PCA I

PCA I#

Download#

PCA#

Two views#

Low-rank matrix approximation
Maximal variance projection

Low-rank approximation#

Consider problem

\[ \text{minimize}_{A \in \mathbb{R}^{n \times k},B \in \mathbb{R}^{q \times k}} \|R_cX-AB^T\|^2_F \]

with

\[ R_c = \left(I - \frac{1}{n}11^T\right) \]
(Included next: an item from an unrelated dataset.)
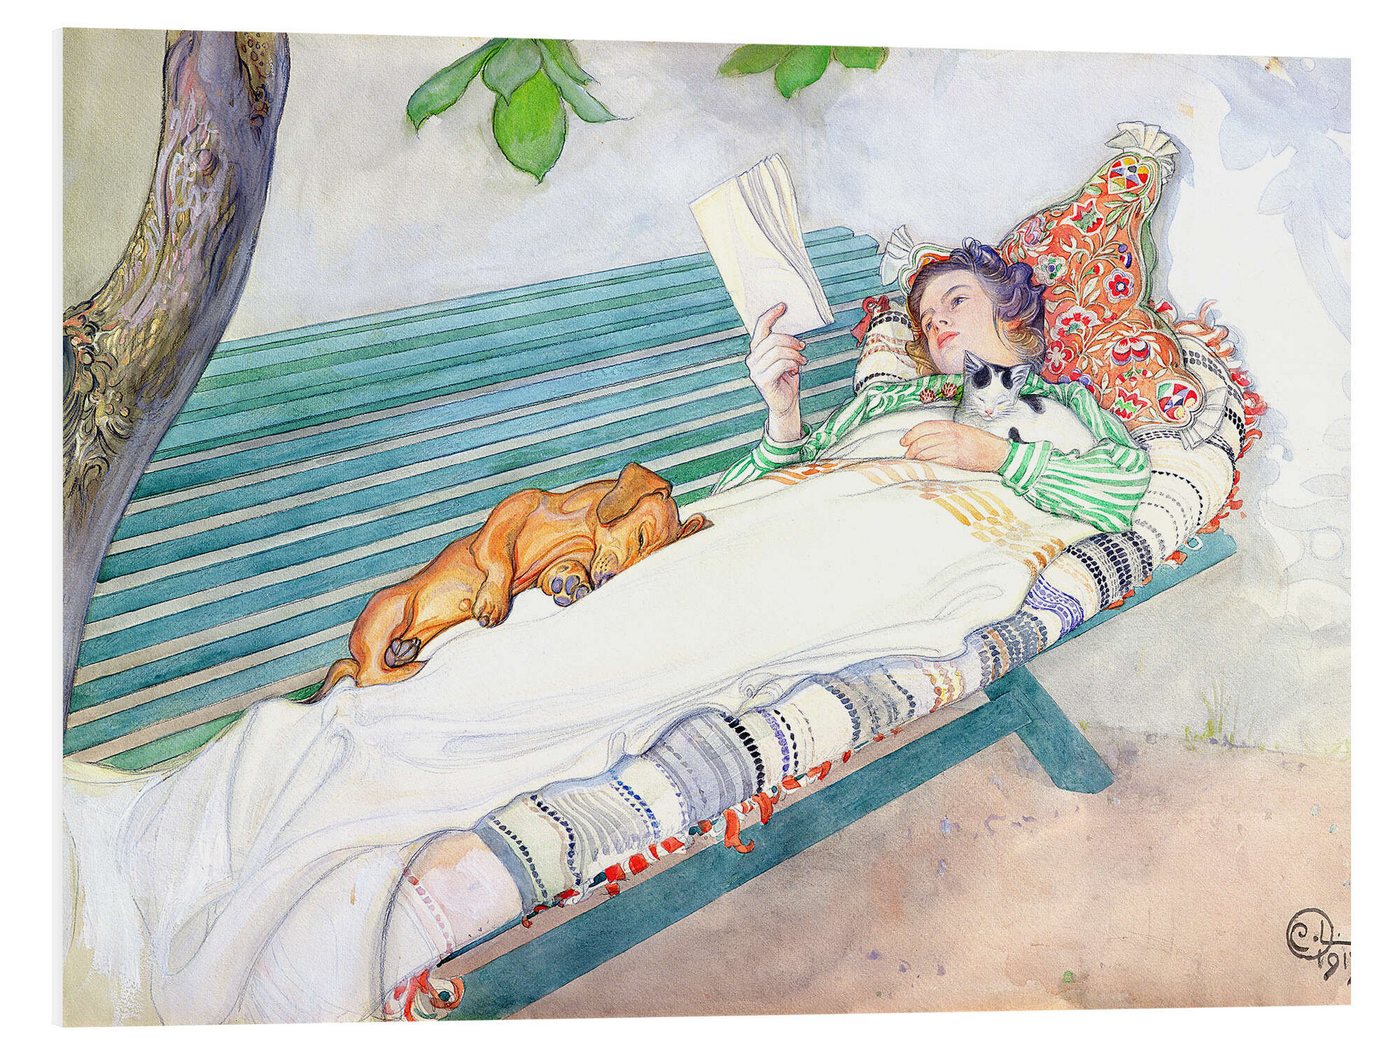 Posterlounge Forex-Bild Carl Larsson, Auf einer Bank liegende Frau, Badezimmer Landhausstil Malerei von Posterlounge

This is reduced rank regression objective with \(\tilde{Y}=R_cX\), \(\tilde{X}=I\), \(\Sigma=I\).
Going forward, we’ll somtimes drop \(R_c\) by assuming that \(R_cX=X\), i.e. that it has already been centered.

Solution#

Our reduced-rank regression solution told us to look at \(\tilde{W}\), \(k\) leading eigenvectors of

\[ XX^T \]

Then, we take

\[\begin{split} \begin{aligned} \tilde{A} &= \tilde{W} \\ \tilde{B} &= X^T\tilde{A}(\tilde{A}^T\tilde{A})^{-1} \\ &= X^T\tilde{A} \end{aligned} \end{split}\]

Relation to SVD#

Given matrix \(M \in \mathbb{R}^{n \times p}\) (assume \(n>p\)) there exists an SVD

\[ M = U_{n \times p} D_{p \times p} V_{p \times p}^T \]

Properties#

\[\begin{split} \begin{aligned} U^TU &= I_{p \times p} \\ D &= \text{diag}(d_1 \geq d_2 \geq \dots \geq d_p \geq 0) \\ V^TV &= \text{I}_{p \times p} \end{aligned} \end{split}\]

Consider

\[ MM^T = UD^2U^T \]

Eigen-decomposition of \(MM^T\) can be found from SVD of \(M\).
Similarly

\[ M^TM = VD^2V^T. \]

Finally,

\[ M^TU = VD \]

Can absorb \(D\) into \(U\) by writing

\[ M = (UD)V^T \]

Back to reduced rank#

Our reduced rank solution with \(X=UDV^T\) picks

\[\begin{split} \begin{aligned} \hat{A} &= U[,1:k] \\ \hat{B} &= D[1:k,1:k] V[,1:k]^T \end{aligned} \end{split}\]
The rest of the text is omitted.